The task >>
Skip every image and restate the data word for word.

Input data >>
+++++

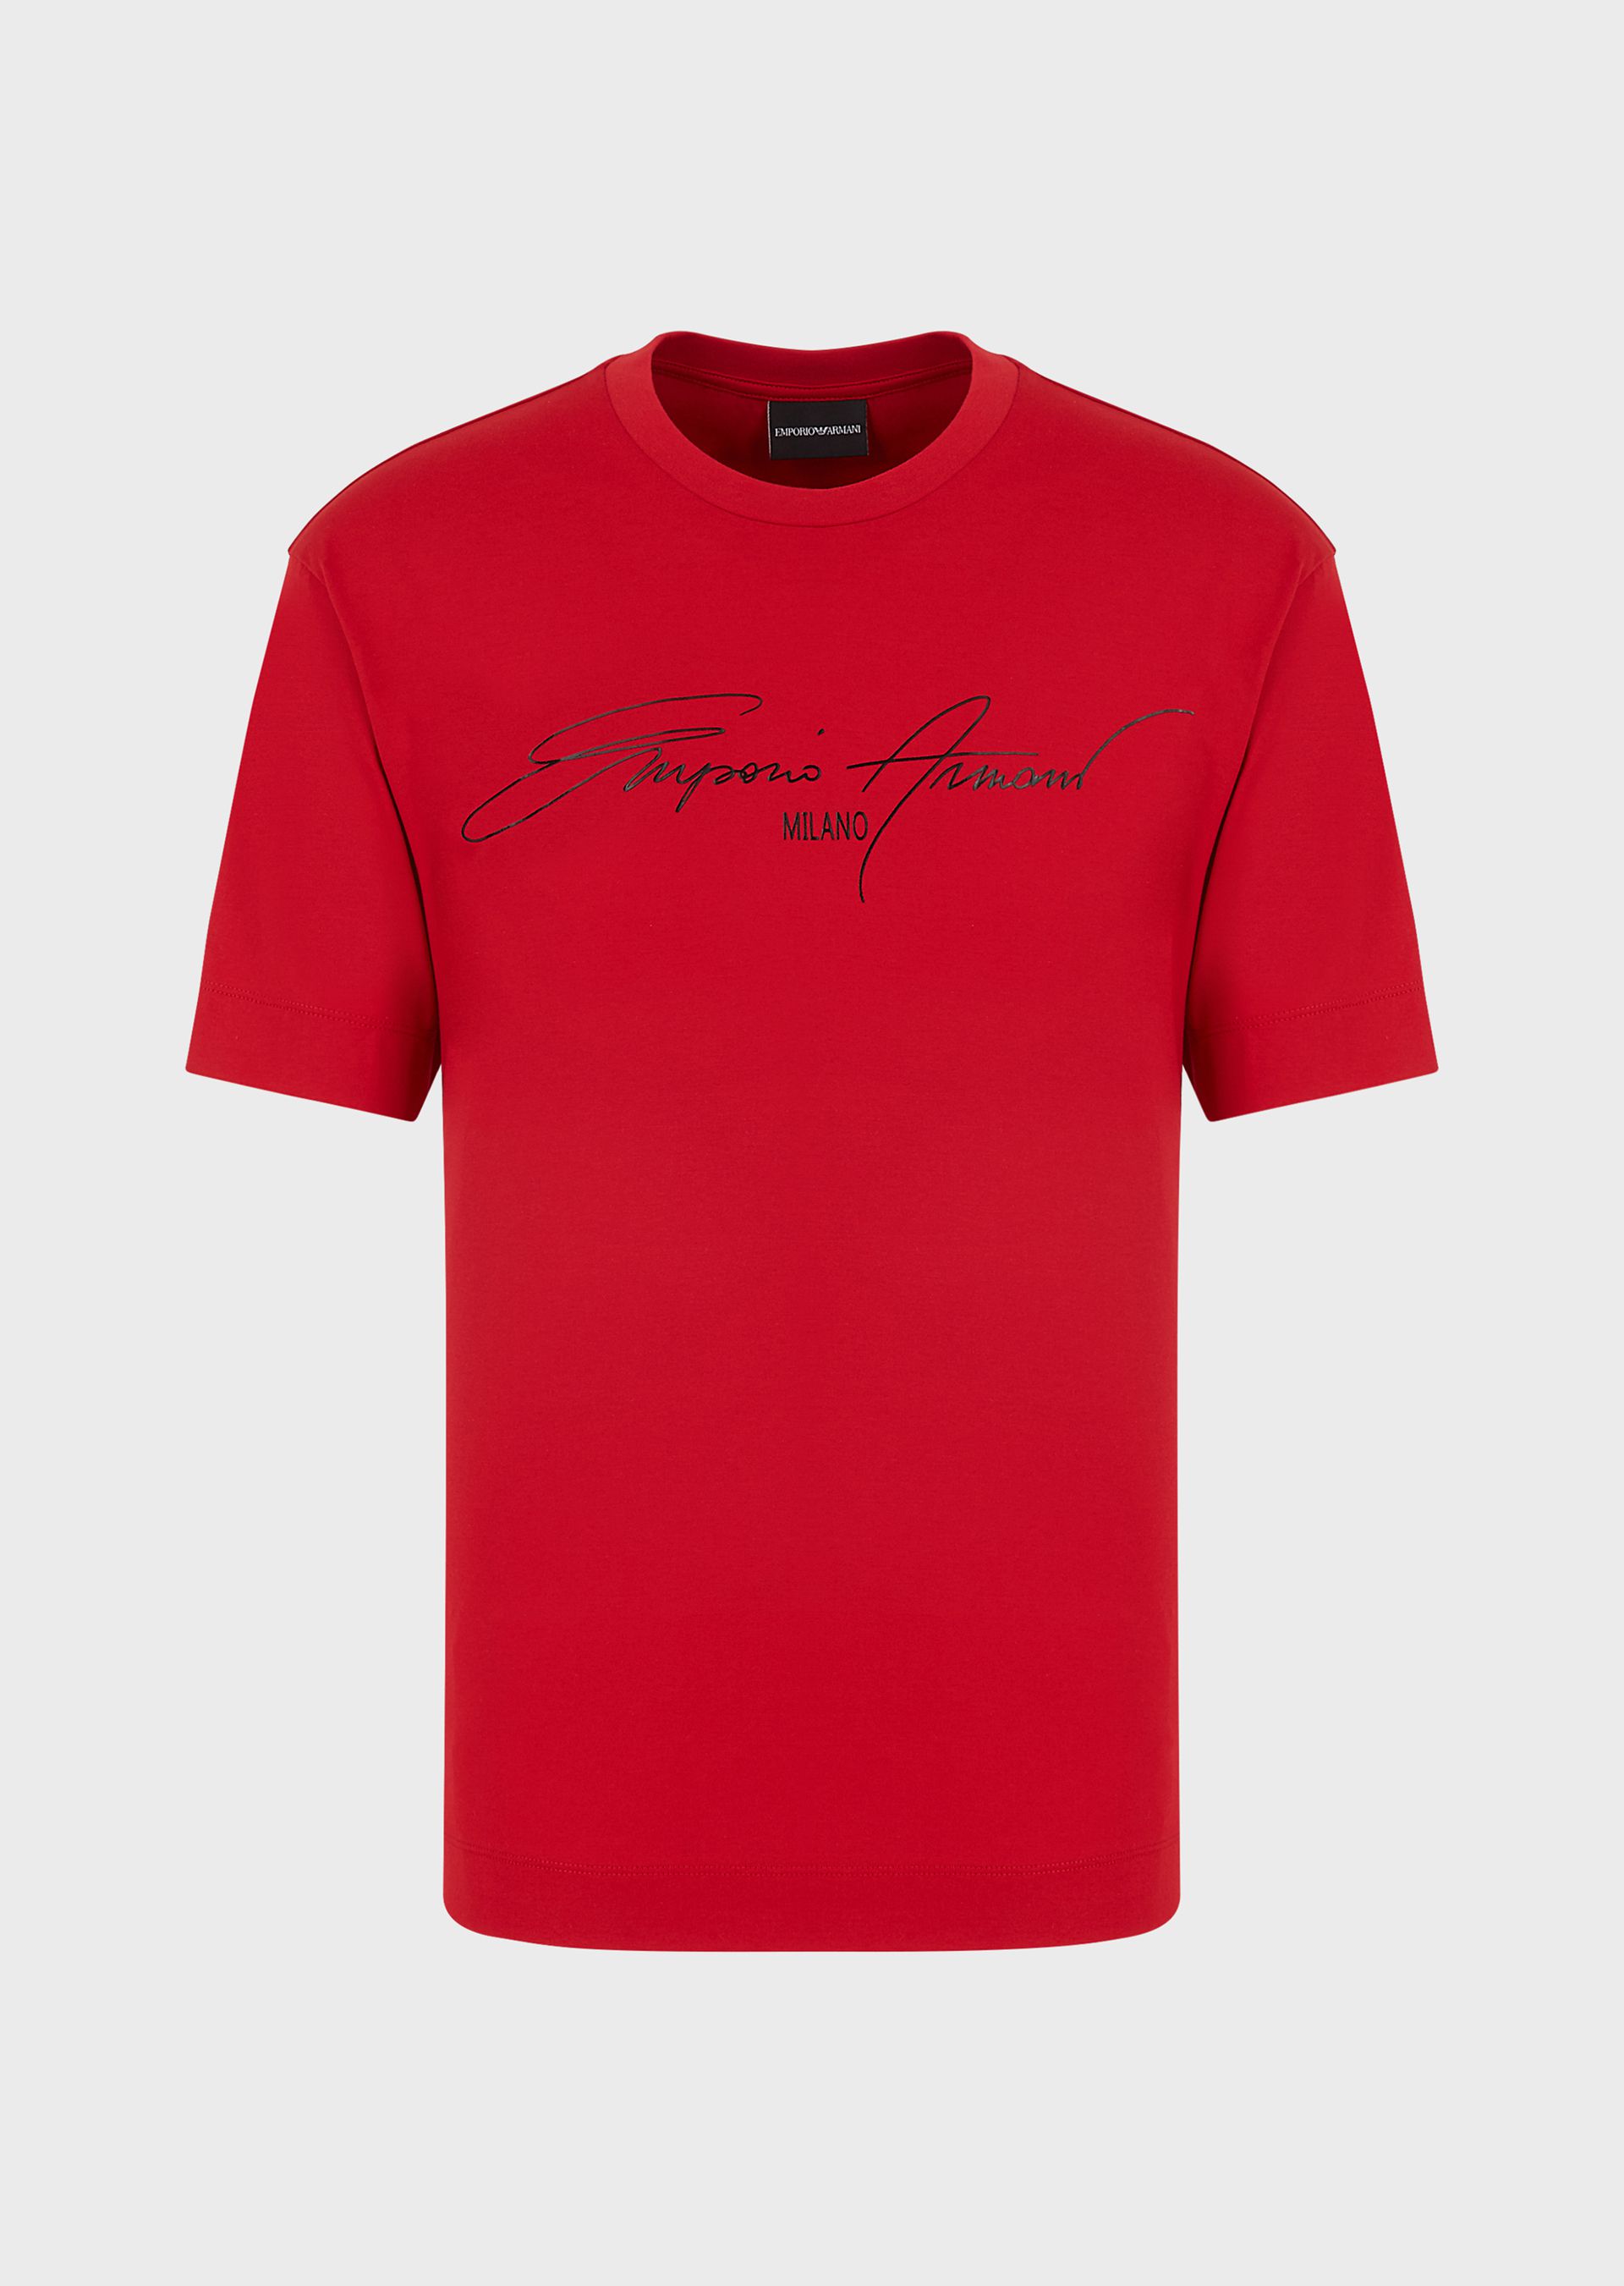 Emporio Armani T-shirts - Item 12469991 In Red | ModeSens
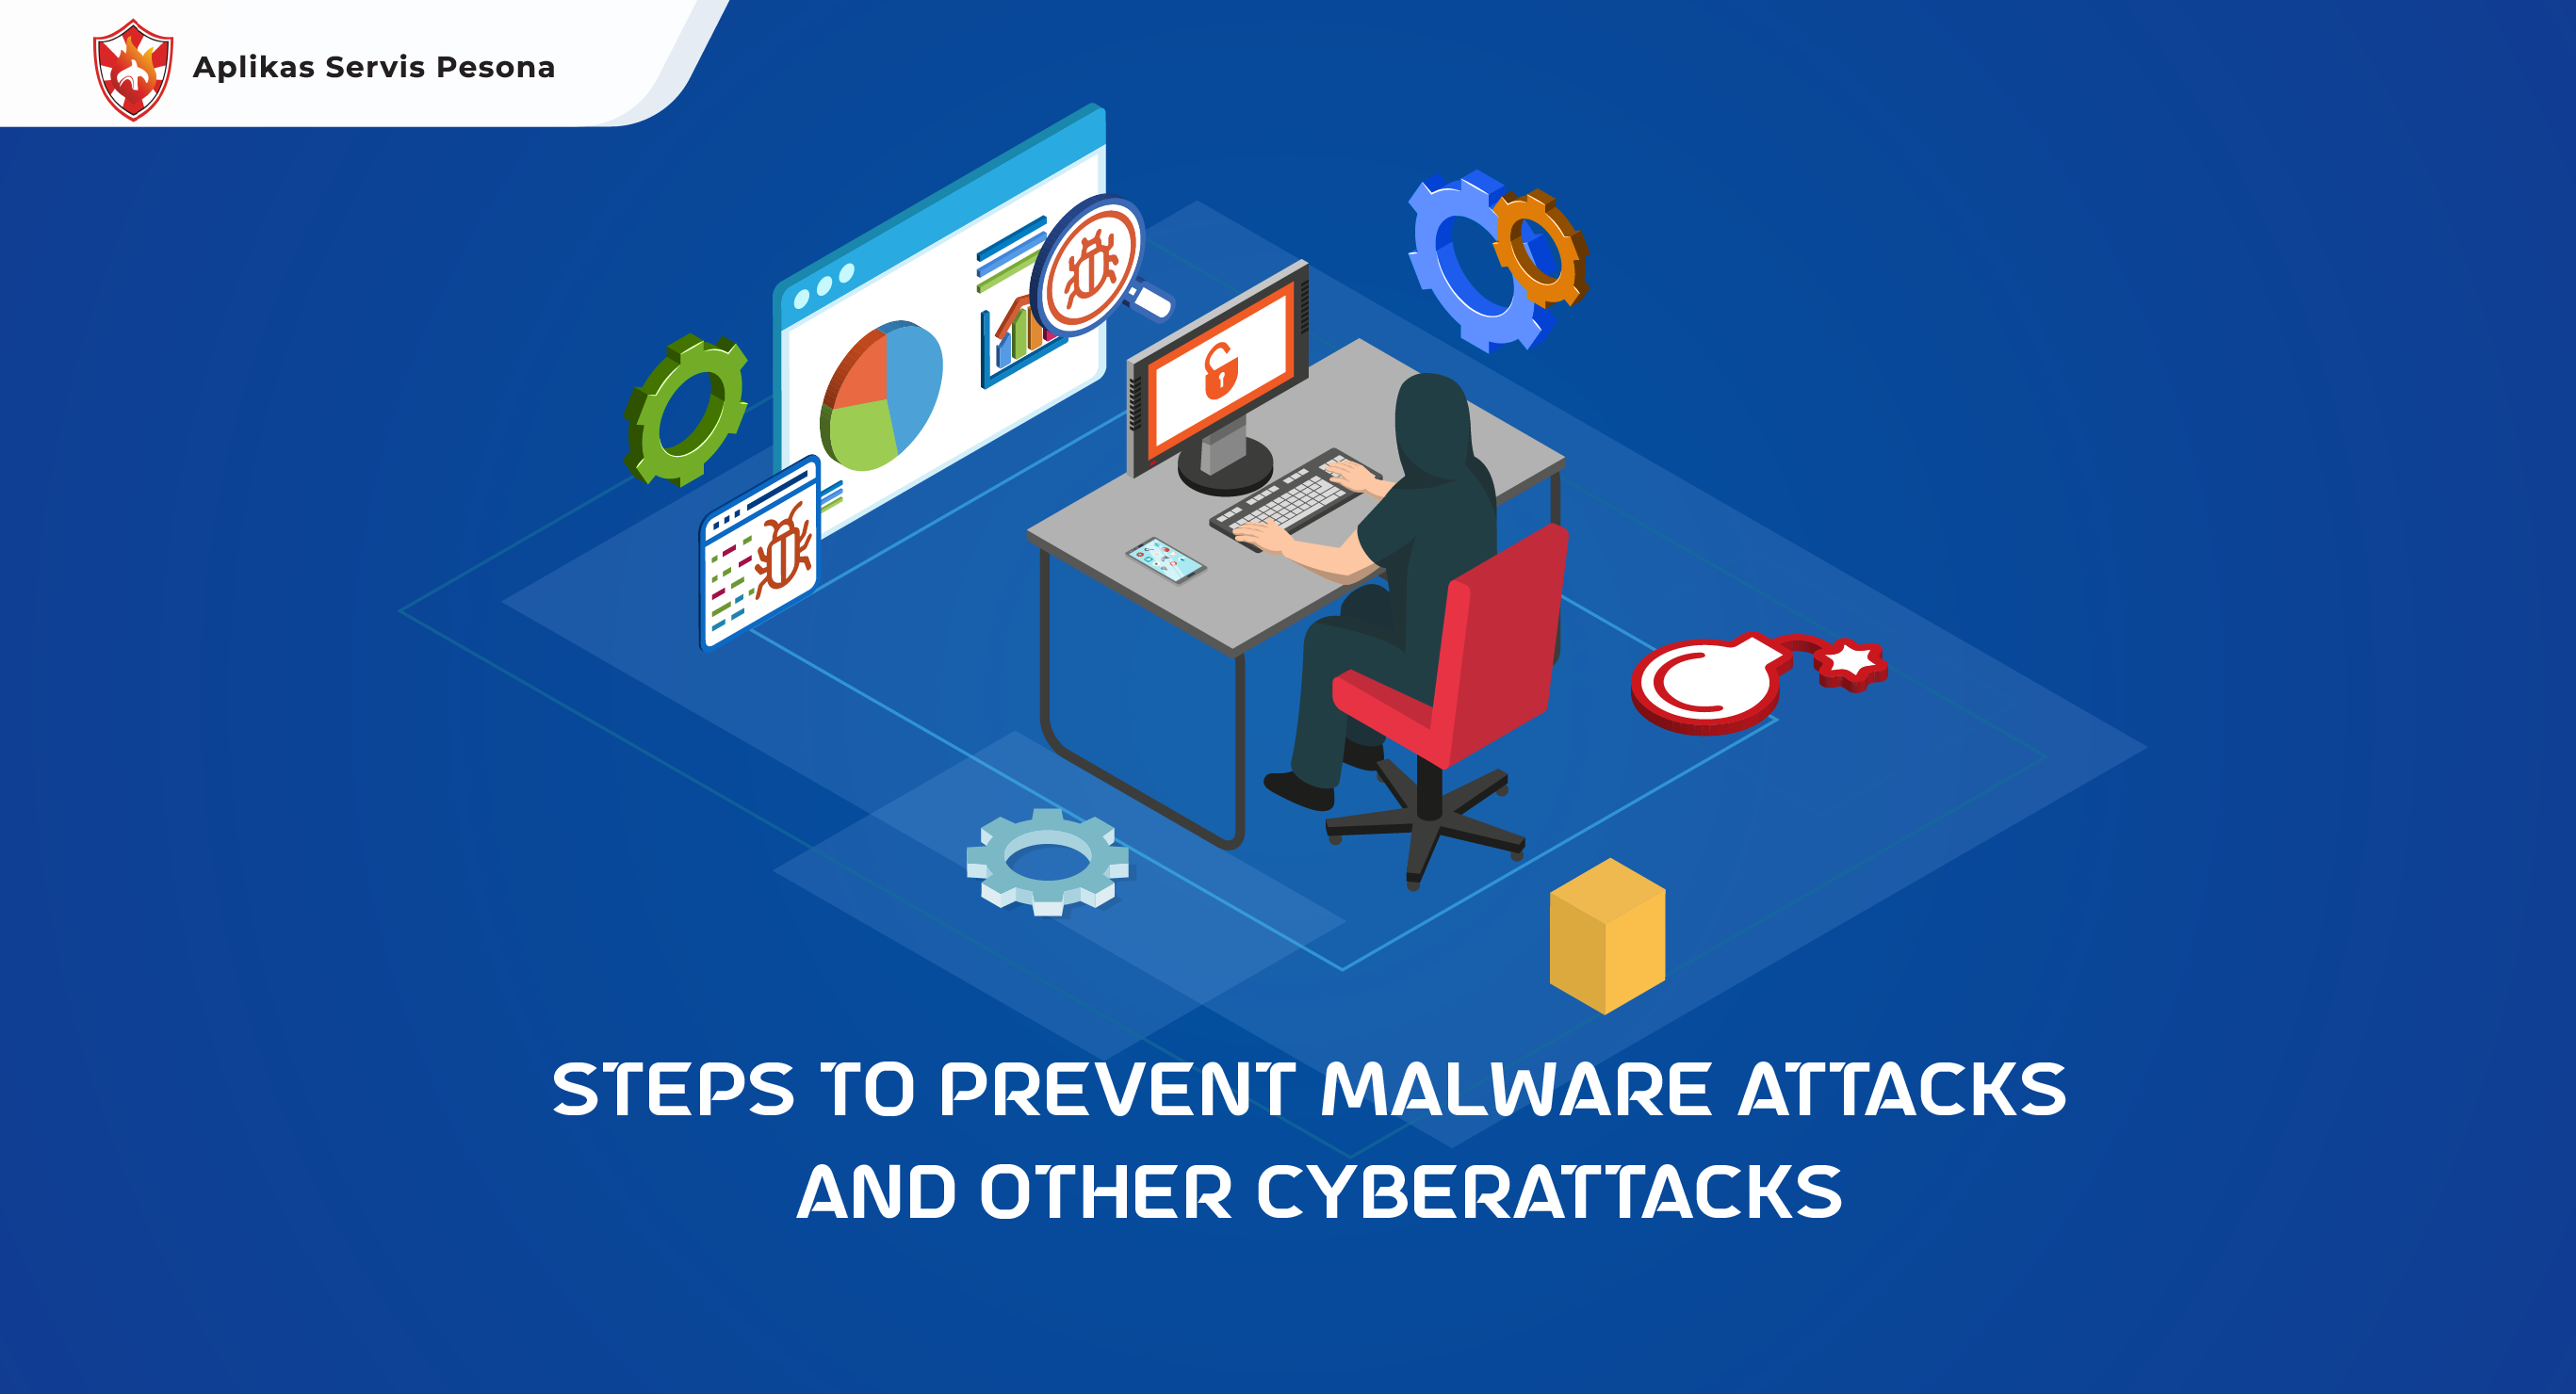 Here are Steps to Prevent Malware Attacks and Other Cyberattacks
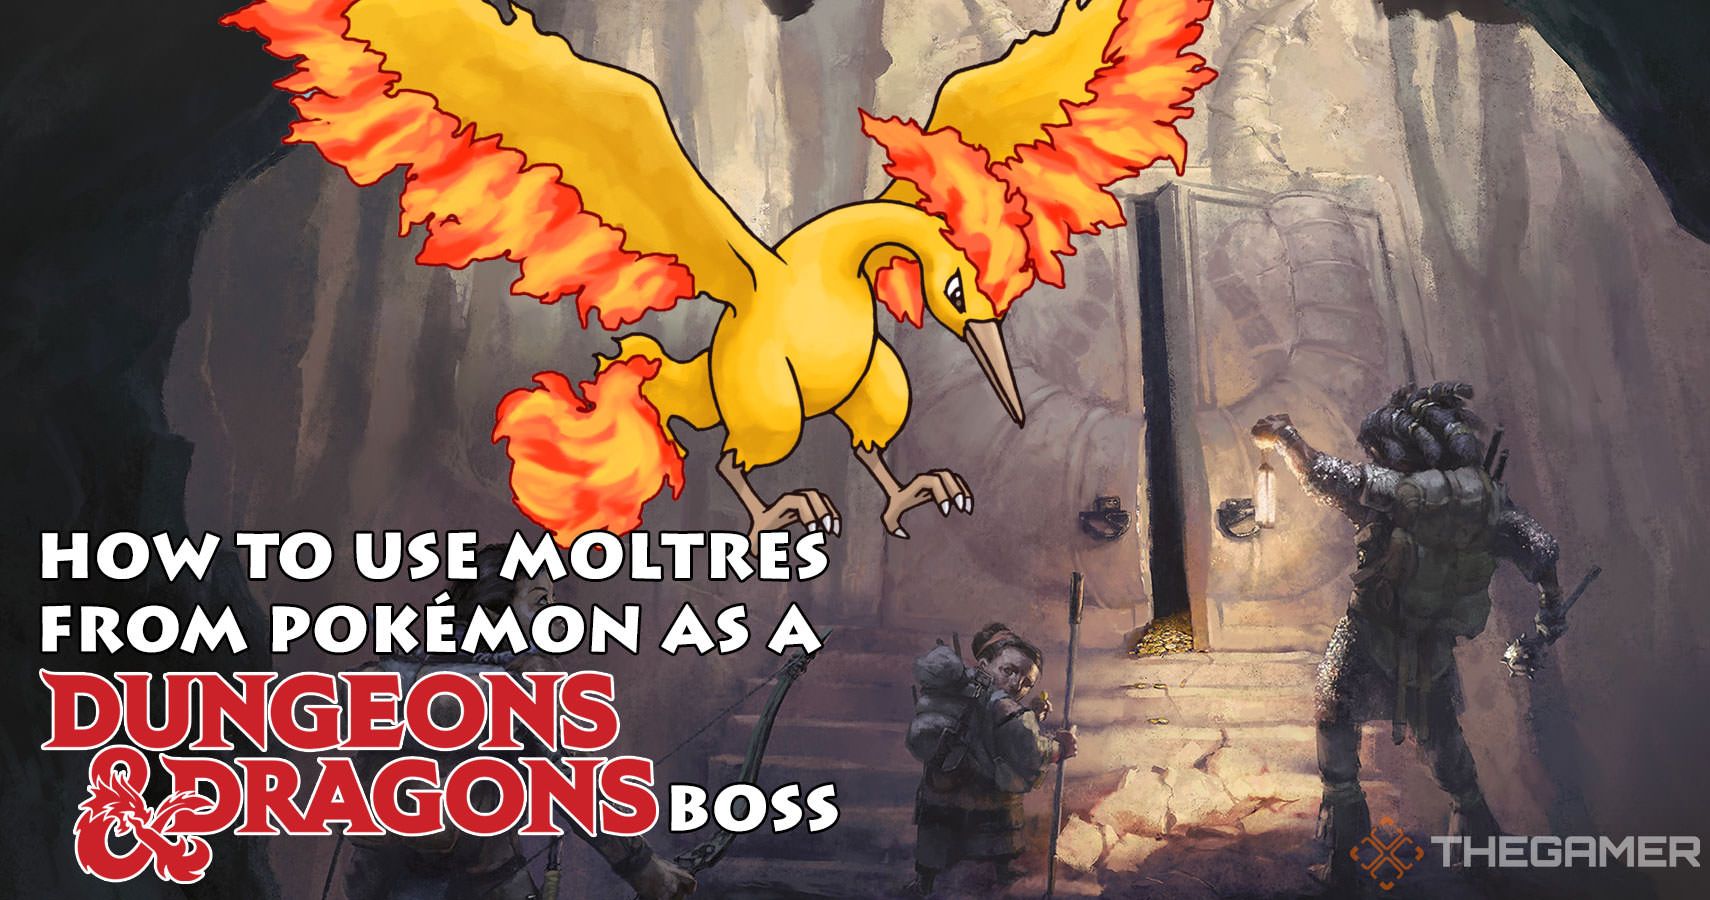 How To Use Moltres From Pokemon As A D&D Boss

+++++

Solved problem >>
 Emporio Armani T-shirts - Item 12469991 In Red | ModeSens
 Here are Steps to Prevent Malware Attacks and Other Cyberattacks
 How To Use Moltres From Pokemon As A D&D Boss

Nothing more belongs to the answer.